In this study, we focus on the representational component of the GritLM-7B model. For embedding tasks, GritLM-7B uses bidirectional attention followed by mean pooling of the final hidden state to generate the final representation. The model inference was performed on a single GPU (NVIDIA A10G) Amazon Web Services EC2 instance.

2D Visualization of Embedding Space

We began by standardizing the embedding matrix to ensure that each feature had zero mean and unit variance. This standard scaling process is crucial for normalizing the data and mitigating the effects of differing scales among features. Following this, we used Uniform Manifold Approximation and Projection (UMAP) to reduce the dimensionality of the scaled data, transforming it into a 2D representation. UMAP is a powerful nonlinear dimensionality reduction technique that preserves the local and global structure of the data. For our UMAP transformation, we set the number of neighbors to 50 and the minimum distance parameter to 0.05, chosen by visual inspection to optimize the balance between local and global data structure preservation.

The number of neighbors parameter determines the size of the local neighborhood UMAP considers when learning the manifold structure of the data.
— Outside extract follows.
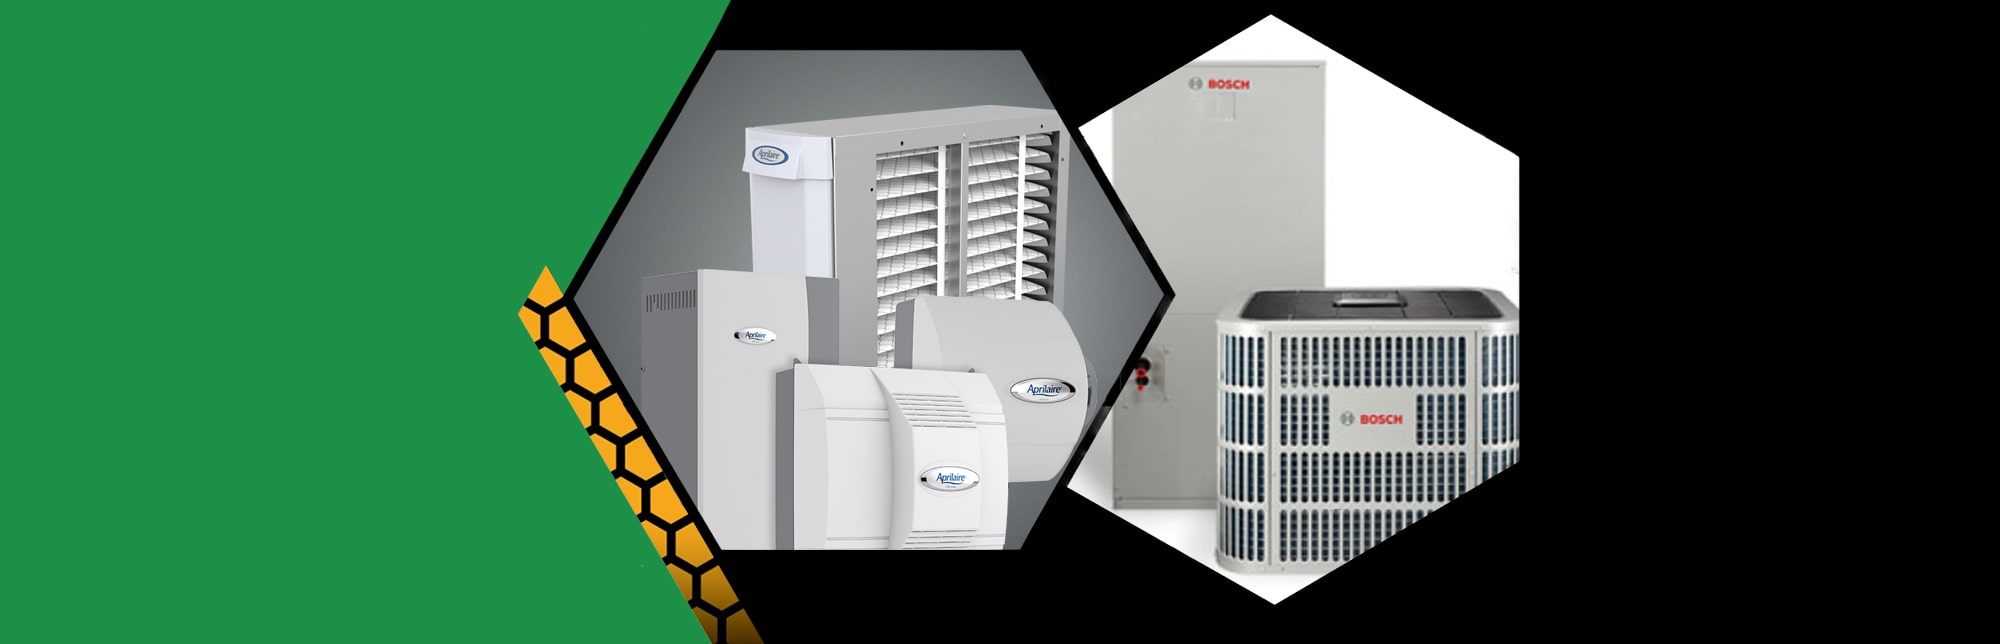 Live in Whiteland IN? Get your Aprilaire or Bosch Furnace units serviced  by Beeson Mechanical Service, Inc.

A higher number of neighbors allows UMAP to capture more of the global structure of the data, ensuring that the overall shape and relationships between clusters are well-preserved. This is particularly important in our context, where understanding the relationships between different conditions may provide insights into which conditions have features of spontaneous communication that overlap with other conditions. The minimum distance parameter controls how tightly UMAP packs points together in the low-dimensional space. A smaller minimum distance value allows points to be closer together, which can help in preserving the local structure and making clusters more distinct. Decreasing this parameter enhances the separation between different clusters, making it easier to identify and interpret distinct groups within a label that may reflect the heterogeneity of a particular condition. Finally, we visualized the resulting 2D UMAP representation by creating a scatter plot, where each point was colored according to its corresponding label, facilitating the identification of patterns and clusters within the high-dimensional data.

Classification Model

For the classification task, we used the Extreme Gradient Boosting (XGBoost) algorithm, using a multiclass classifier with a softmax objective function to predict the class labels for the posts from the 7 psychiatric disorder subreddits. Given that tree-based methods are not sensitive to the scale of the input features, we did not perform any standardization or normalization of the embeddings before using XGBoost. To address potential biases arising from class imbalance, we applied balanced class weighting, which assigns weights to each class that are inversely proportional to their frequencies. We configured the XGBoost classifier with the multiclass softmax objective function (multi:softmax) and retained the default parameter settings (eg, max_depth=6, learning_rate=0.3, n_estimators=100, booster=gbtree). No hyperparameter tuning was conducted. This approach ensured a straightforward implementation while leveraging the robust performance characteristics of the XGBoost algorithm for our multiclass classification task.

Performance Evaluation

To evaluate the performance of the classification model, we used 10-fold cross-validation. We calculated class-wise precision, recall, and F₁-scores to assess the performance of each psychiatric disorder–associated subreddit class. In addition, we computed macro and weighted average scores across all classes to provide a comprehensive evaluation of the model’s performance.

Ethical Considerations

Our study strictly adheres to ethical guidelines for the use of internet-sourced data in research, ensuring that no harm comes to the individuals whose posts were analyzed.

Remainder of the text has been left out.